Desde los inicios de la Transición no asistíamos a la creación de tantos partidos nuevos y refundaciones de viejos. Para algunos este proceso responde a la máxima lampedusiana de cambiar para que todo siga igual. Sin embargo, en estos años de nombrar y renombrar se perciben comportamientos políticos similares a los vividos siglos atrás. Cuando los políticos se (re)organizan en un partido, ¿dicen ser lo que son? O, ¿se denominan por lo que carecen? No necesariamente están mintiendo a sabiendas, bien pueden vivir convencidos de que están en posesión de la verdad, como dijo Spinoza en su Ética: “Aquel que tiene una idea sabe, al mismo tiempo, que la tiene y no puede dudar de la verdad de la cosa”.
Pero si, como afirmaba Tomás de Aquino, la verdad “es la adecuación de la cosa al intelecto”, podríamos estar ante formas políticas de mentira. Desde el Renacimiento se enseñaba que había mentiras para sobrevivir, como el disimulo. Pero con un importante matiz, si honesto no era mentir, honesto si podía ser disimular. El disimulo se convirtió durante el Barroco en una forma muy extendida de no hacer ver las cosas como son, incluso se admitió que no era posible vivir sin "máscara", sin aparentar. Una representación de lo social que, siglos más tarde, Georges Santayana calificó como la imprescindible cutícula que todos los individuos o grupos utilizan en un momento u otro, para poder interaccionar y relacionarse.
Si trasladamos este apunte sobre la mentira y el disimulo al nombre de nuestros partidos políticos, constataremos cuánto de apariencia e, incluso, de falsedad hay en las denominaciones de estas agrupaciones. Si el adjetivo popular se asocia al pueblo como el común, entre los que se incluye los grupos más desfavorecidos, ¿es semánticamente representativo el PP? Sobre el ambiguo adjetivo “obrero” que sigue exponiendo el PSOE se han escrito muchas páginas, algunas para demostrar que es poco más que un farolillo de feria. IU es todo menos unida. Al revés ocurre con ERC que es todo menos izquierda, por su ideario supremacista. Con la misma exaltación de grandeza rayana en el totalitarismo, CDC fue en todo caso divergente y utilizó la democracia para fines bastante espurios, el desvergonzado anem per feina.
Como protesta al régimen pujolista y a toda su cohorte de cómplices surge en Cataluña C’s. Se trataba de reivindicar paradójicamente la ciudadanía de facto en su tierra, aunque estuviese reconocida (no necesariamente amparada) por la Constitución. Este cambio que introduce en el nombre una ilusión alcanza su máxima expresión con Podemos y su constante invocación de la gente, que ya no es ni popular, ni obrera y, quizás, ni ciudadana (del 78).
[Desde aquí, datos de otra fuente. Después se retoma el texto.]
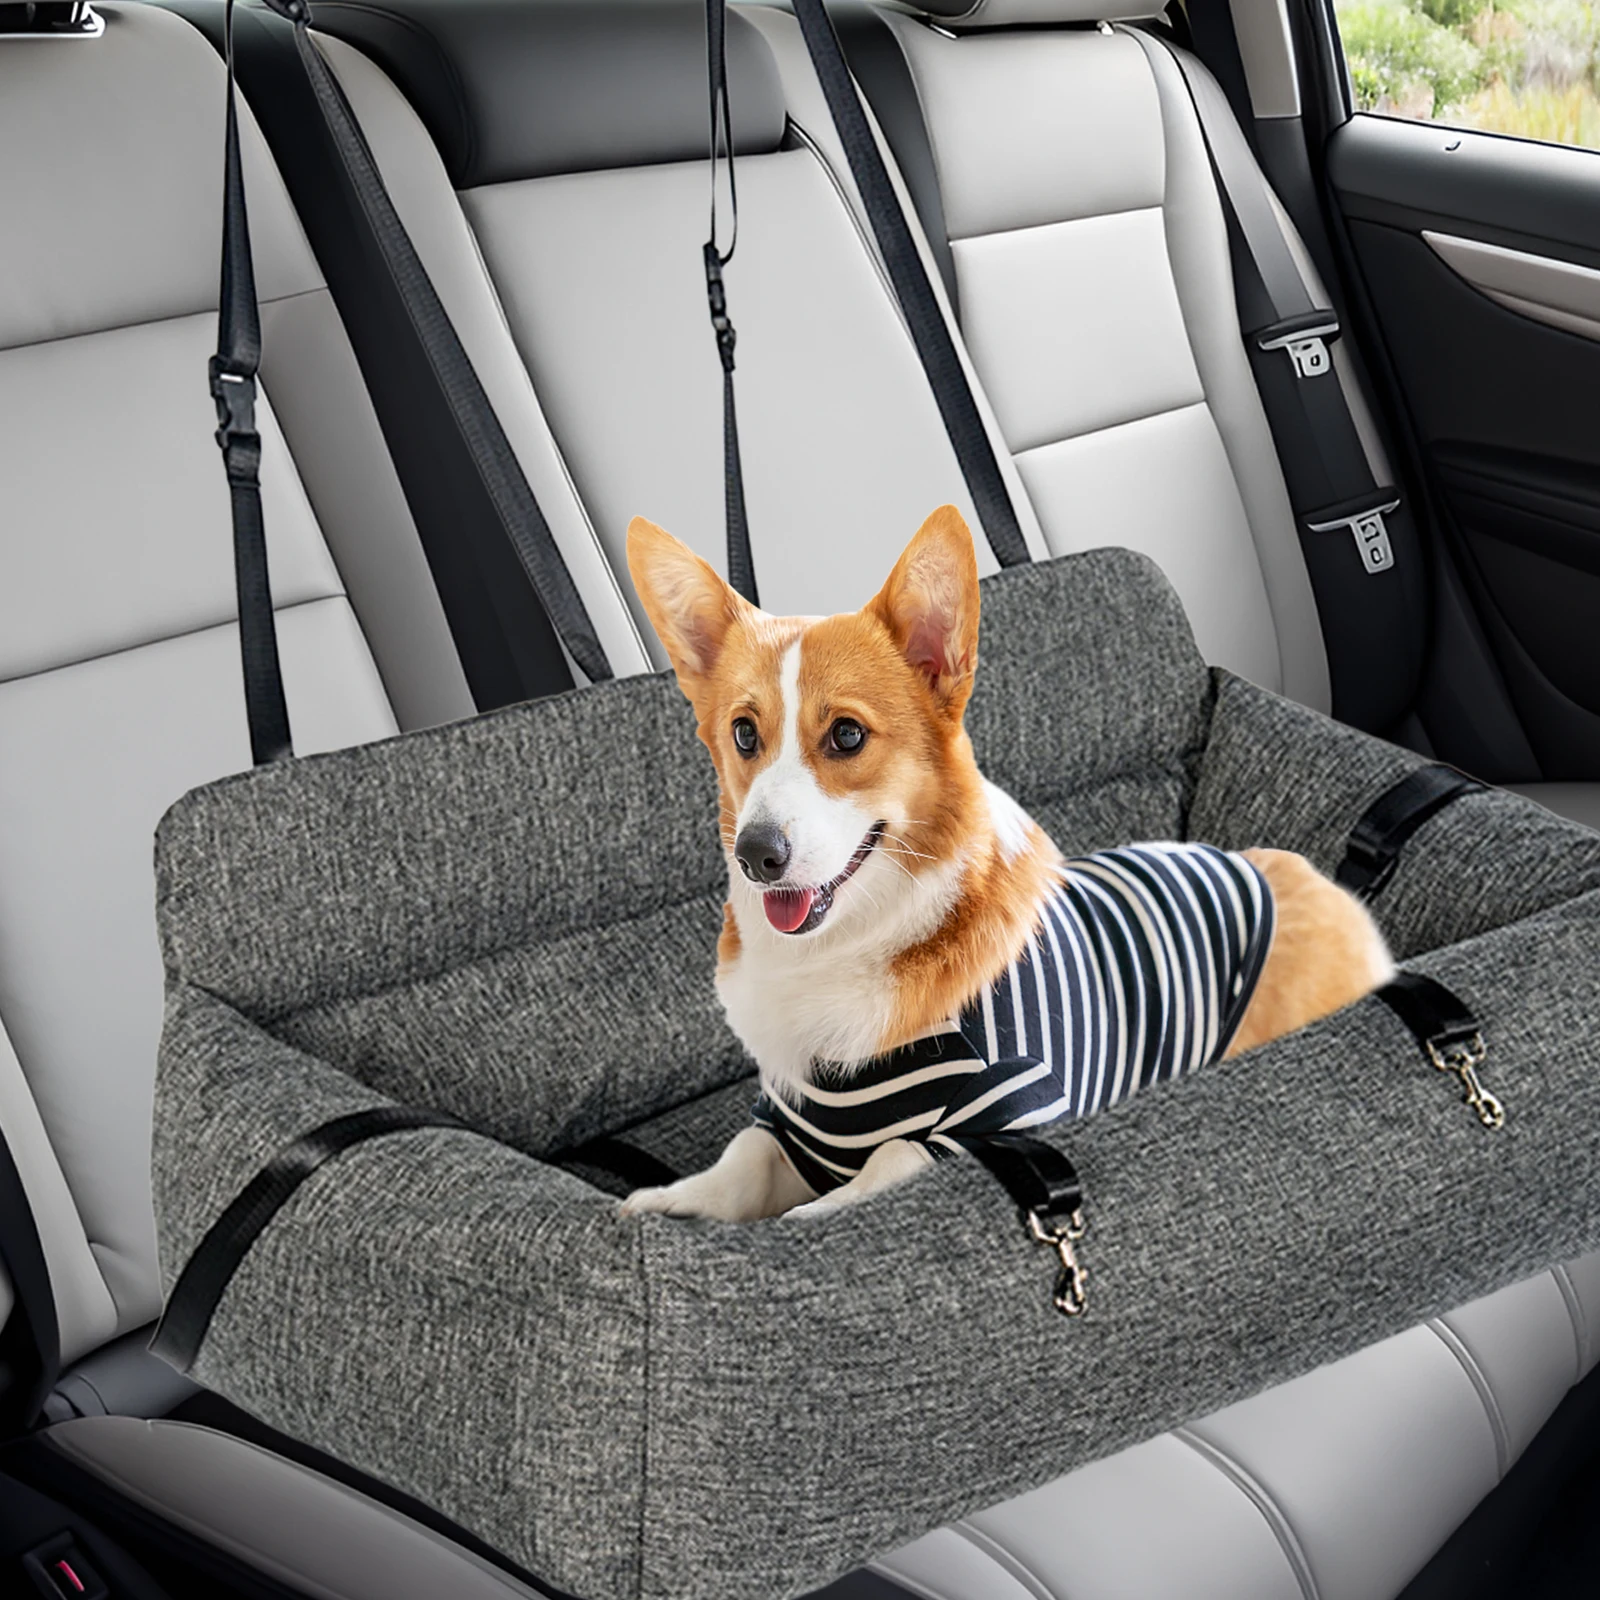 

Pet Cat Dog Carrier Car Seat Soft Dog Booster Seat Safety Puppy Car Travel Accessories Transport Perro For Small Dogs Foldable

Y le sigue una retahíla de denominaciones tan ambivalentes como confusas (Compromís, Bildu (reunirse), En Comú, En Marea…) Nombres que invocan conductas verosímiles con el fin de aparentar verdades necesarias.
El último episodio denominativo ha sido la designación de los viejos restos de CDC como el nuevo PDC. Abandonada la falacia convergente se siguen agarrando al adjetivo demócrata para amparar sus acciones políticas --cómo no-- desde la exclusividad. Es decir, si ellos se denominan así es para restarle ese reconocimiento al resto de adversarios. Parece un buen final para un triste presente, el dime de lo que alardeas para saber de qué careces.